Directed by Luca Guadagnino
I Am Love
There are some films – call it most films – that depend on plot for their impact, which I guess is fine, in the same way that mystery novels depend on plot for their excitement. But sometimes there are films in which plot isn’t necessarily the important point. Luchino Visconti’s “The Leopard” is one of them – it’s a film in which almost nothing happens and yet we are glued to the screen waiting to find out what the outcome will be. It’s a conundrum but there you are.
I tell you this because the film “I Am Love” is that kind of film. There’s a wealthy family in Milan who’ve been in the fabric business for generations. At the film’s opening, a birthday party for the grandfather who runs the company, he tells the family that he will retire and is giving the company to his son Tancredi – and, a surprise, his grandson Edo. They will share the running of the business. Tancredi’s wife and the mother of Edo is Emma, a Russian emigrée who married into the family. She’s played with a barely hidden sensuality by the great Tilda Swinton, who seems to embody every single role she tries, from her debut in “Orlando” to “Michael Clayton.” She’s sleek, she’s sexy, yet here she never lets it show until the birthday party, when the man who served them the food catches her eye.
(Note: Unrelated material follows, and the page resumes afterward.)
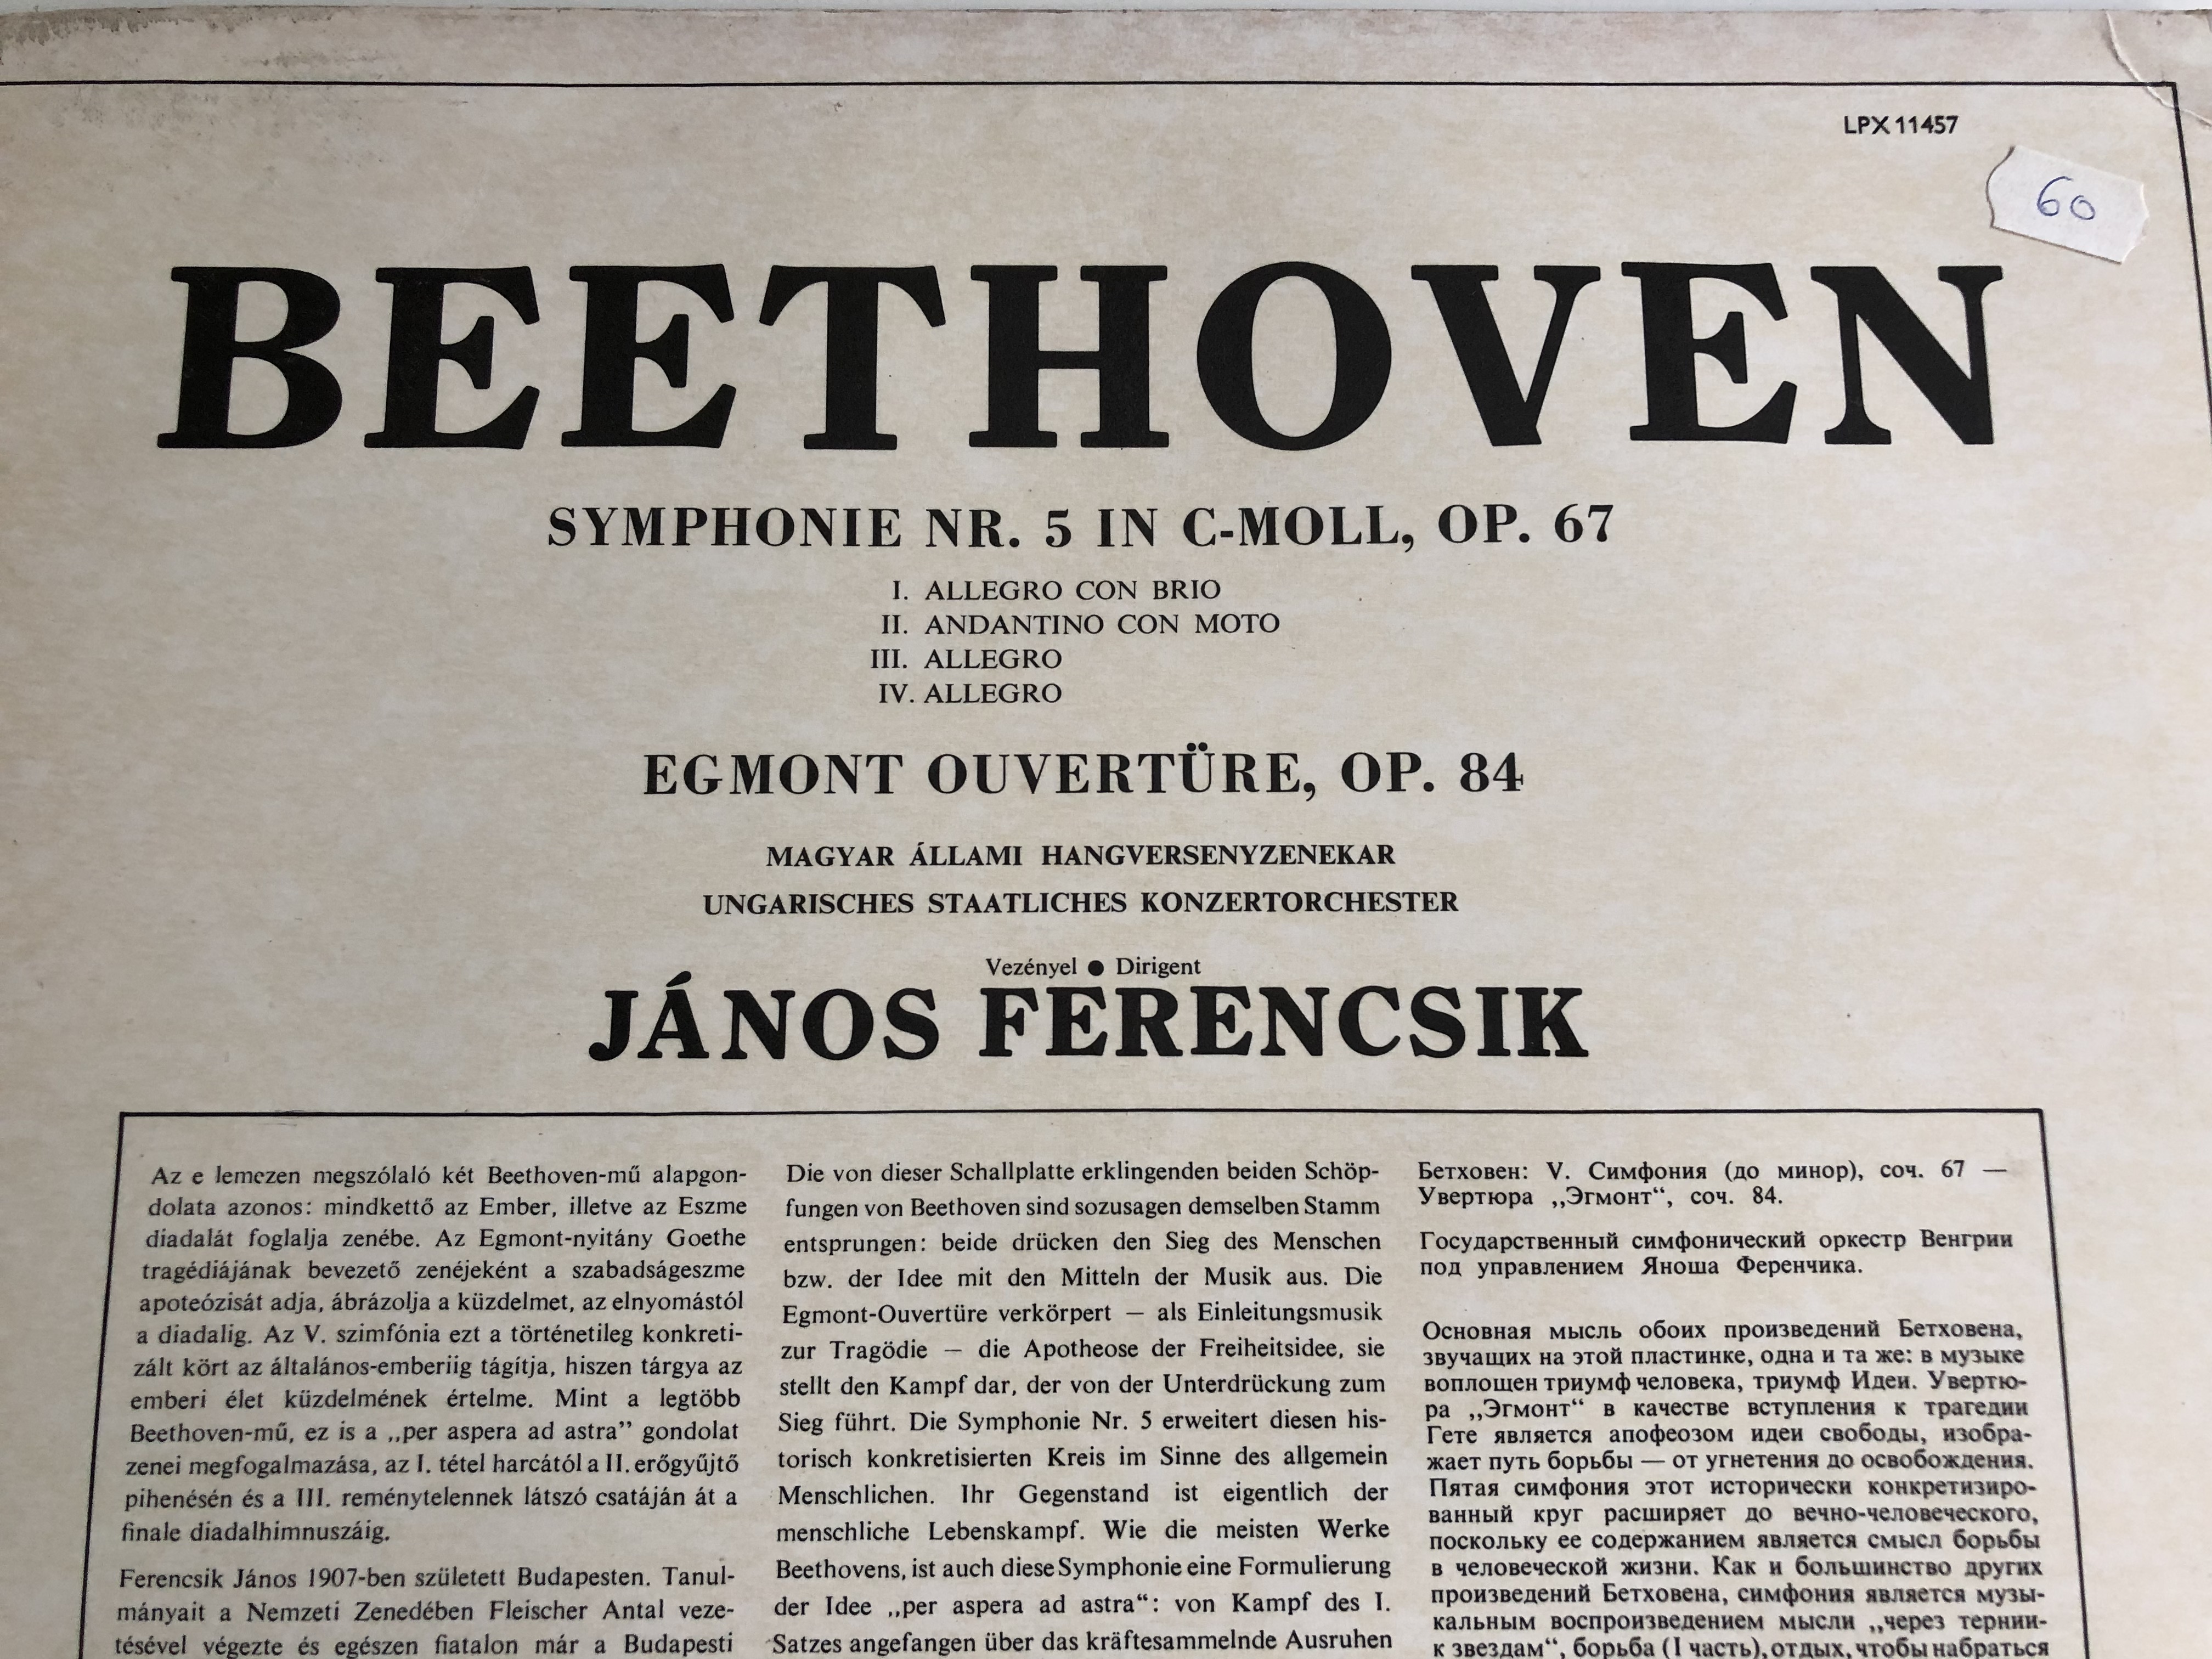 beethoven-symphonie-nr.-5-egmont-overture-ungarisches-staatliches-konzertorchester-conducted-j-nos-ferencsik-hungaroton-lp-stereo-mono-lpx-11457-3-.jpg

That’s Antonio, who catered the birthday party; a chef who also happens to be a sexy, beautiful young man. He is a friend of Edo, and we can quickly see the attraction between Emma and Antonio, and soon they are making love in a small getaway cottage near the Amalfi coast. If this were all it would be a sad and derivative film, but there’s more: Emma’s daughter Elisabetta announces that she is a lesbian and brings her partner to meet her mother, just when Emma is leaving the adulterous cottage.
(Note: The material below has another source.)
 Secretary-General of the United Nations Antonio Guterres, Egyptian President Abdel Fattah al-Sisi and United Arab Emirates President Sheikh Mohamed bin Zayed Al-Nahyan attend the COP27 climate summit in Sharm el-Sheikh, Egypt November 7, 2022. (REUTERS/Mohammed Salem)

Edo and Tancredi (the name is without doubt an homage to Visconti’s Tancredi, the nephew of Burt Lancaster’s Leopard who represents the new society in Italy) talk about starting a restaurant, but now Edo must work in the family’s company. Emma, however, is changed irrevocably, perhaps triggered by the fact that her daughter Elisabetta has forsaken her fiancé and finds love with a woman. I think this gives Emma the courage to begin her own affair with Antonio – something that is enhanced by the gorgeous film music by John Adams. Director Luca Guadagnino isn’t well known in the United States but “I Am Love” will no doubt help in that area.